Mr Blair and his supporters were last week attacked in Marxism Today for being "Thatcherism in trousers" and for failing to develop a radical new agenda to deal with what its writers sense is a new anti-free market era.
Personally, I suspect that the free market system is going to prove a good deal more resilient than these dinosaurs of the old left would like to think, notwithstanding the blame now being heaped on the capital markets for turmoil in the world economy. But if so, it's going to be no thanks to Mr Blair and the Third Way. Markets and business have good cause to be worried about Blairism, to judge by a new book on the Third Way by the director of the London School of Economics, Anthony Giddens. Since this book is billed as the most definitive work yet on the new politics, and Mr Giddens is widely seen as Mr Blair's intellectual mentor, it seems reasonable to take its words as gospel. Mr Giddens accepts that there is no alternative to capitalism. Instead, he says, the debate revolves around how far and in what ways it should be regulated.

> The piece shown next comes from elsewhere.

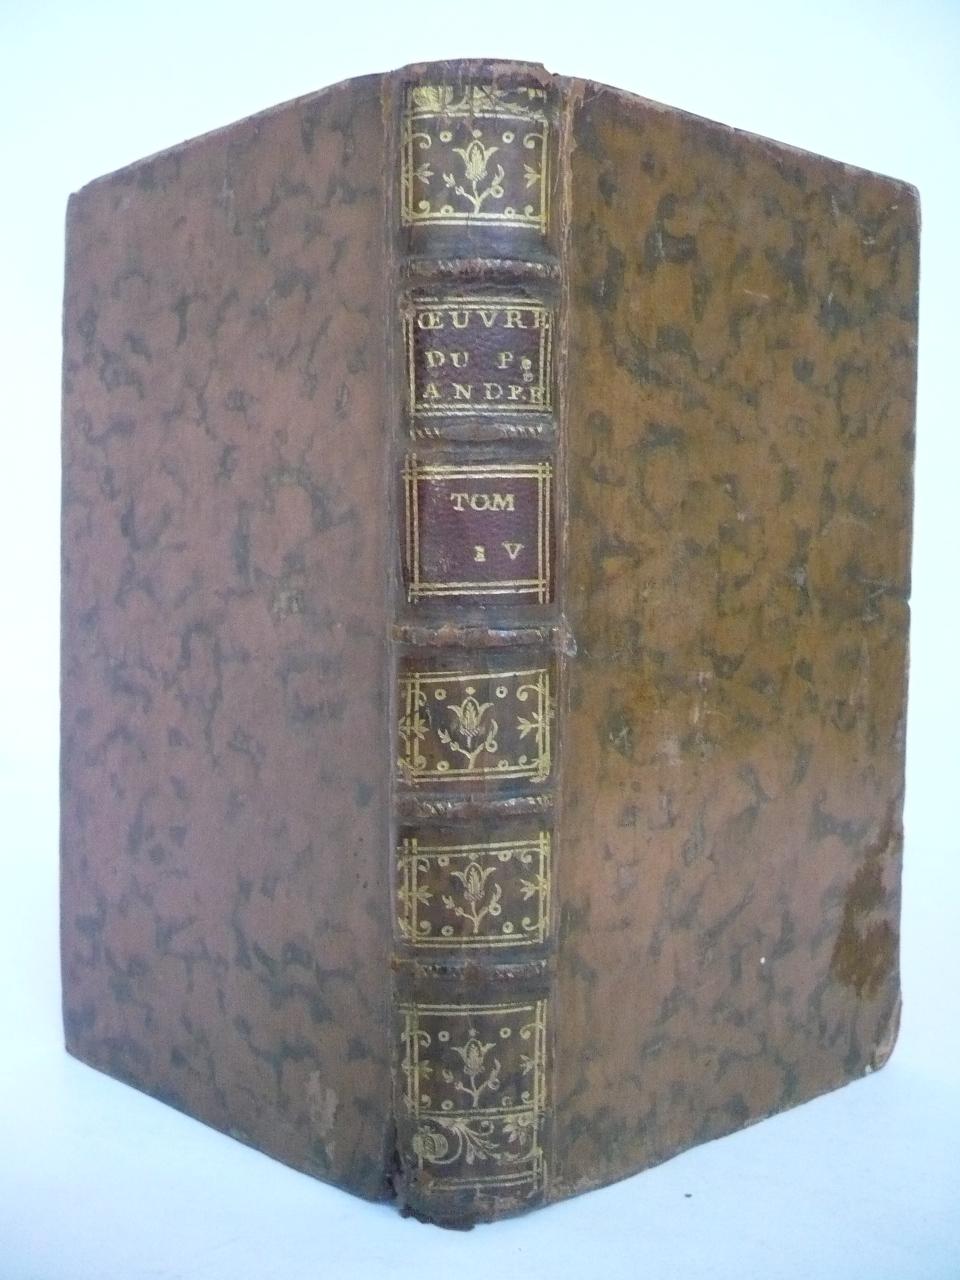 OEUVRES DE FEU P. ANDRÉ. (1767) Auca Llibres Antics

Perhaps unsurprisingly, Mr Giddens wants to regulate it a lot. In fact he wants to iron out the peaks and the troughs in financial markets, to separate speculation from genuine investment and curtail the former; he wants to tax foreign exchange transactions; he wants linked exchange rates, capital controls, and internationally co-ordinated policy frameworks. Above all, he wants a gigantic new global regulator to impose social responsibility on reckless Anglo-Saxon speculators. In summary, and I exaggerate not, he wants to regulate away all known risk.
How all this can be compatible with enterprise and free markets I find hard to understand. Obviously, markets need a degree of policing, to prevent monopolistic abuse and manipulation. But what Mr Giddens proposes goes much further. He wants to get right down into the bedrock of the capitalist system and interfere with market allocation of capital. He also seems to want a level of social interest regulation which cannot help but be a real burden on business and enterprise.
Outside the manifesto commitments of a minimum wage, the social chapter and a windfall tax on the utilities, there has been little evidence of the new dogma in government policy so far. Perhaps that is what Marxism Today means by "Thatcher in trousers". But in the Financial Services Authority, there is potential for the sort of regulatory nightmare Mr Giddens is inclined to impose on markets.
It doesn't have to be this way. The FSA has thus far been well received in the City, and in international capital markets more generally. Howard Davies, its chairman, knows as well as any that the City owes its position at the centre of global capital markets as much to the lightness of its regulatory touch as anything else. He won't want to damage that.
He's also well aware of the dangers of clogging up the system with bureaucracy and red tape, as well as the more pervasive threat of regulatory oppression.
None the less, this is a mighty powerful monster that has been created, and already it is showing an unnerving appetite for officialdom by spewing forth consultation documents, each demanding a response. We can only hope Mr Davies knows how to control this Third Way creation.
Darkness but no dawn
BICC has been a disaster story for as long as I've been in financial journalism. Despite this, nobody ever seems to learn its lesson. Things cannot possibly get any worse, it is invariably said and written every time a new nasty comes creeping out of the woodshed.
But they do. For the Balfour Beatty construction-to-cables group, they just keep on getting worse and worse.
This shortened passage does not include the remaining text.